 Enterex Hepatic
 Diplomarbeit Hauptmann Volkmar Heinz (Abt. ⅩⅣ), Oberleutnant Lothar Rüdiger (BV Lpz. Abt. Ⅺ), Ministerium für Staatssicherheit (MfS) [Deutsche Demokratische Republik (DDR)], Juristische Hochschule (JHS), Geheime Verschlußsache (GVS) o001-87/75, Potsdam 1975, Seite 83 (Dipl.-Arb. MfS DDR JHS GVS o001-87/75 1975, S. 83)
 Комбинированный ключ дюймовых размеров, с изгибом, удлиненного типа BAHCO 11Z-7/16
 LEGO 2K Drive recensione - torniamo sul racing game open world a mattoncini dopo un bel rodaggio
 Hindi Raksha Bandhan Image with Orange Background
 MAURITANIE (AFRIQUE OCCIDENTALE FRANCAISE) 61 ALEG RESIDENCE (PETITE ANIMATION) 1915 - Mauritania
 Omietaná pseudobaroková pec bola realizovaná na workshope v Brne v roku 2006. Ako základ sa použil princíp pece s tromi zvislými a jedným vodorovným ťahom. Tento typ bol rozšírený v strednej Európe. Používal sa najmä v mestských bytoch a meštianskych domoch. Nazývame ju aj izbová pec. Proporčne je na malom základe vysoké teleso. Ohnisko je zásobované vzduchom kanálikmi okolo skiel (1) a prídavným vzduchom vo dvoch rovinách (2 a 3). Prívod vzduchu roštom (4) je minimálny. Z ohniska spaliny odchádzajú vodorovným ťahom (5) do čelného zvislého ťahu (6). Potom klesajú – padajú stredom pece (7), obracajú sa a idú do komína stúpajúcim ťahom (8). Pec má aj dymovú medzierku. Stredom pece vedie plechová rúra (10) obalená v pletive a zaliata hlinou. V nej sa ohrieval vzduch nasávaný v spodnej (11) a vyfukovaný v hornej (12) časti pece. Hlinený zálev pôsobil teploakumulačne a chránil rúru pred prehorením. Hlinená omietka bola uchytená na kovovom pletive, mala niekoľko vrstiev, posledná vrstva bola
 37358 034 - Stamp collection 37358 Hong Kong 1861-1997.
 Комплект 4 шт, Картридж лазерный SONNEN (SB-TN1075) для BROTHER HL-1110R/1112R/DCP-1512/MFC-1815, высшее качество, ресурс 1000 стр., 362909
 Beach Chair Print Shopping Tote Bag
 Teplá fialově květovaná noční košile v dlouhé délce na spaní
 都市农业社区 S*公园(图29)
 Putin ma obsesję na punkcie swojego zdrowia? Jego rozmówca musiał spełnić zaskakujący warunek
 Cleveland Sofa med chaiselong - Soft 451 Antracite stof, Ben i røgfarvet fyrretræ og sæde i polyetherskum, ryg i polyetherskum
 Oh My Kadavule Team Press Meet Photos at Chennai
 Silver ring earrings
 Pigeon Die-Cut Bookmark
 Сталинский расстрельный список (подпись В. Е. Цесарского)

+---+

● Try it
Starting at the line that contains "Omietaná pseudobaroková pec", print every line through the last one of the records, exactly and with nothing else.

● Result
 Omietaná pseudobaroková pec bola realizovaná na workshope v Brne v roku 2006. Ako základ sa použil princíp pece s tromi zvislými a jedným vodorovným ťahom. Tento typ bol rozšírený v strednej Európe. Používal sa najmä v mestských bytoch a meštianskych domoch. Nazývame ju aj izbová pec. Proporčne je na malom základe vysoké teleso. Ohnisko je zásobované vzduchom kanálikmi okolo skiel (1) a prídavným vzduchom vo dvoch rovinách (2 a 3). Prívod vzduchu roštom (4) je minimálny. Z ohniska spaliny odchádzajú vodorovným ťahom (5) do čelného zvislého ťahu (6). Potom klesajú – padajú stredom pece (7), obracajú sa a idú do komína stúpajúcim ťahom (8). Pec má aj dymovú medzierku. Stredom pece vedie plechová rúra (10) obalená v pletive a zaliata hlinou. V nej sa ohrieval vzduch nasávaný v spodnej (11) a vyfukovaný v hornej (12) časti pece. Hlinený zálev pôsobil teploakumulačne a chránil rúru pred prehorením. Hlinená omietka bola uchytená na kovovom pletive, mala niekoľko vrstiev, posledná vrstva bola
 37358 034 - Stamp collection 37358 Hong Kong 1861-1997.
 Комплект 4 шт, Картридж лазерный SONNEN (SB-TN1075) для BROTHER HL-1110R/1112R/DCP-1512/MFC-1815, высшее качество, ресурс 1000 стр., 362909
 Beach Chair Print Shopping Tote Bag
 Teplá fialově květovaná noční košile v dlouhé délce na spaní
 都市农业社区 S*公园(图29)
 Putin ma obsesję na punkcie swojego zdrowia? Jego rozmówca musiał spełnić zaskakujący warunek
 Cleveland Sofa med chaiselong - Soft 451 Antracite stof, Ben i røgfarvet fyrretræ og sæde i polyetherskum, ryg i polyetherskum
 Oh My Kadavule Team Press Meet Photos at Chennai
 Silver ring earrings
 Pigeon Die-Cut Bookmark
 Сталинский расстрельный список (подпись В. Е. Цесарского)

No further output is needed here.